DNA damage and mutagenesis induced by procarbazine in lambda lacZ transgenic mice: evidence that bone marrow mutations do not arise primarily through miscoding by O6-methylguanine

V Pletsa, C Valavanis, JH van Delft, MJ Steenwinkel and SA Kyrtopoulos
Laboratory of Chemical Carcinogenesis, Institute of Biological Research and Biotechnology, National Hellenic Research Foundation, Athens, Greece.
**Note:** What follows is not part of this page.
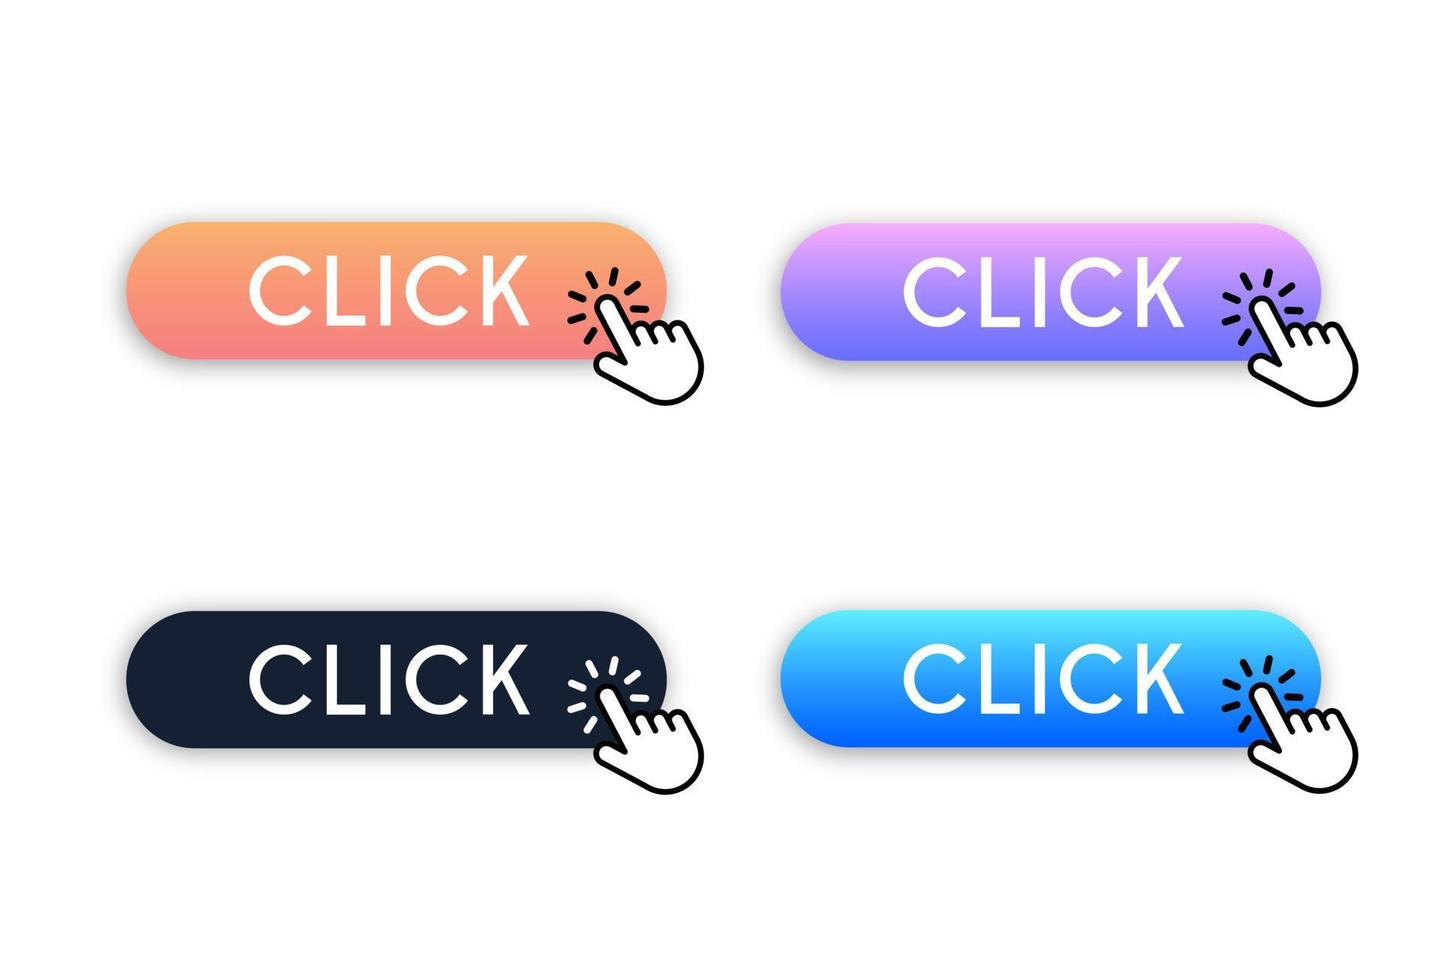 haga clic en el conjunto de botones para el diseño de sitios web. haga clic en el botón de degradado para decorar el programa y darle un aspecto moderno. haga clic en el vector del cursor de mano.

The DNA damaging and mutagenic activities of procarbazine, a methylating drug employed in cancer chemotherapy and suspected of causing therapy-related leukaemia, were investigated in the liver and bone marrow of lambda lacZ transgenic mice (MutaMouse). The drug was administered using two different protocols, a 'high-dose' one involving 5 daily doses of 200 mg/kg, expected to cause depletion of the repair enzyme O6-alkylguanine-DNA alkyltransferase (AGT) and thus favour the selective accumulation of the premutagenic lesion O6-methylguanine (O6- meG) relative to other adducts, and a 'low-dose' one involving 10 daily doses of 20 mg/kg procarbazine. Substantial accumulation of O6-meG was observed in both tissues examined 6 h after the end of the 'high-dose' treatment, with the liver accumulating somewhat higher levels than the bone marrow (28.0 +/- 1.8 fmol/microg DNA and 18.5 +/- 1.1 fmol/microg DNA respectively). However, significant increases in mutant frequency 10 days after the end of treatment were observed only in the bone marrow, reaching a 16-fold increase over background following the 5 x 200 mg/kg treatment. Sequence analysis of the mutations induced after this treatment revealed a mixed spectrum, in which G:C-->A:T transitions (characteristic of O6-meG miscoding) were only a secondary feature: Among 20 mutants analysed, only six such mutations were found, including three at CpG sites, which might have arisen from deamination of 5-methylcytosine. The other mutations observed included 1 A:T-->G:C transition, five transversions (one G:C-->T:A, one double G:C-->C:G, two A:T-->T:A, one A:T-->C:G), five deletions and three insertions. The mechanistic and clinical significance of these findings is discussed.